Et la Bceao nationale dans tout cela ?

Quid également du rôle de la Bceao nationale dans ces opérations financières? Une autre source renseigne que celle-ci dispose «en principe» de toutes les informations relatives aux banques privées du Sénégal à travers la Centif. Cette dernière coordonne les actions de lutte contre les blanchiments de capitaux.

Dès l’instant où la barre fatidique des 5 millions de francs Cfa est atteinte, obligation est faite à la banque de faire une déclaration de soupçon adressée à la Centif. Ainsi, toutes les informations relatives à la personne concernée sont mentionnées dans cette déclaration de soupçon. Il s’agit notamment de l’organisme financier, du nom, du prénom et de l’adresse du déclarant, du motif de la déclaration, du type d’opérations, du montant en jeu.

Pour la personne soupçonnée, il est ainsi mentionné dans la déclaration de soupçon le ‘’type de personne’’, son ‘’nom et prénom’’, sa ‘’raison sociale’’, ses ‘’relations d’affaires’’, etc. «La Centif, dans le cadre de son rôle de bordereau récapitulatif, répercute ces informations au procureur qui est seul habilité des suites à donner à ces informations. Le procureur interpelle l’intéressé pour lui poser la question de savoir l’origine de cette somme. S'il estime normal que cette personne dispose de cette somme, il classe le dossier sans suite’’, poursuit, notre interlocuteur.

‘’Ce qui nest pas interdit est permis’’

Par ailleurs, en son article 26 relatif à l’Obligation de la déclaration des opérations suspectes, la loi n° 2004-09 du 06 février 2004 mentionne que les personnes visées sont tenues de déclarer à la Centif les «sommes d’argent et autres biens en leur possession», les «opérations qui portent sur des biens».

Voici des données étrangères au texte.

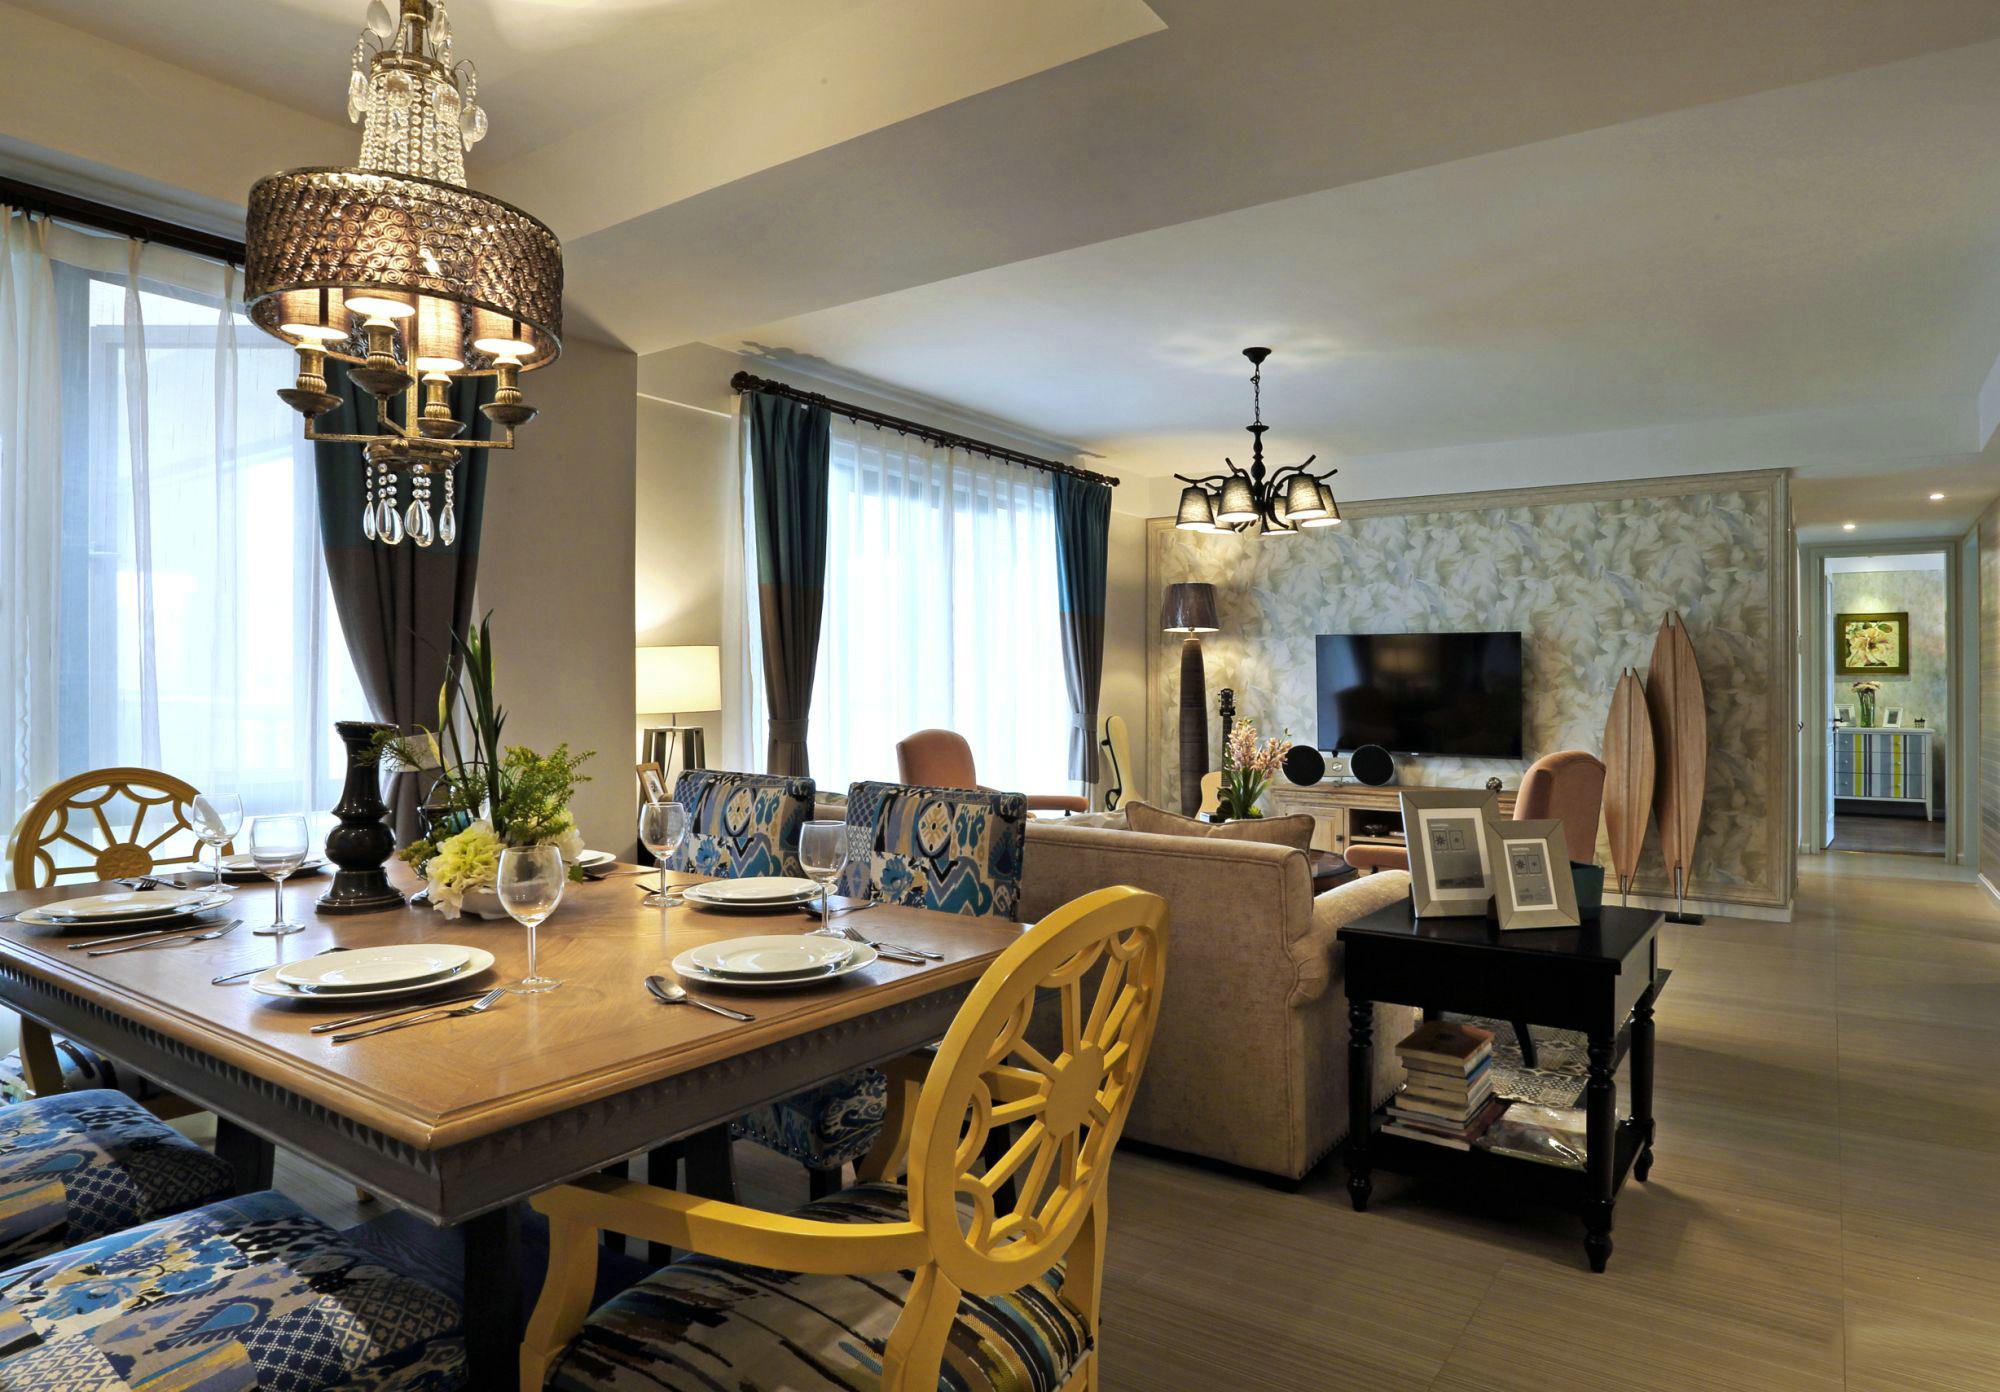 餐厅与客厅没有隔开,室内显得更加宽敞。

Par contre, nous informe-t-on, «il n’est mentionné nulle part, dans cette loi de dépôt en espèce ni en numéraire dans des coffres’’. ‘’On parle de dépôt de sommes d’argent dans des comptes. Et dès l’instant que ce montant atteint tel plafond, l’institution financière est obligée de remplir la déclaration de soupçon et de la faxer à la Centif.

Alors qu’avec un coffre qui est loué et dont le client détient les clés, comment la banque peut-elle savoir que tel client y a gardé de l’or, du diamant…?’’, se demande-t-il. ‘’Il y a un principe juridique qui dit que ce qui n’est pas interdit est permis. Dans aucun compte, on ne pourrait avoir le moindre petit reflet de ces sommes d’argent stockées’’, commente-t-il.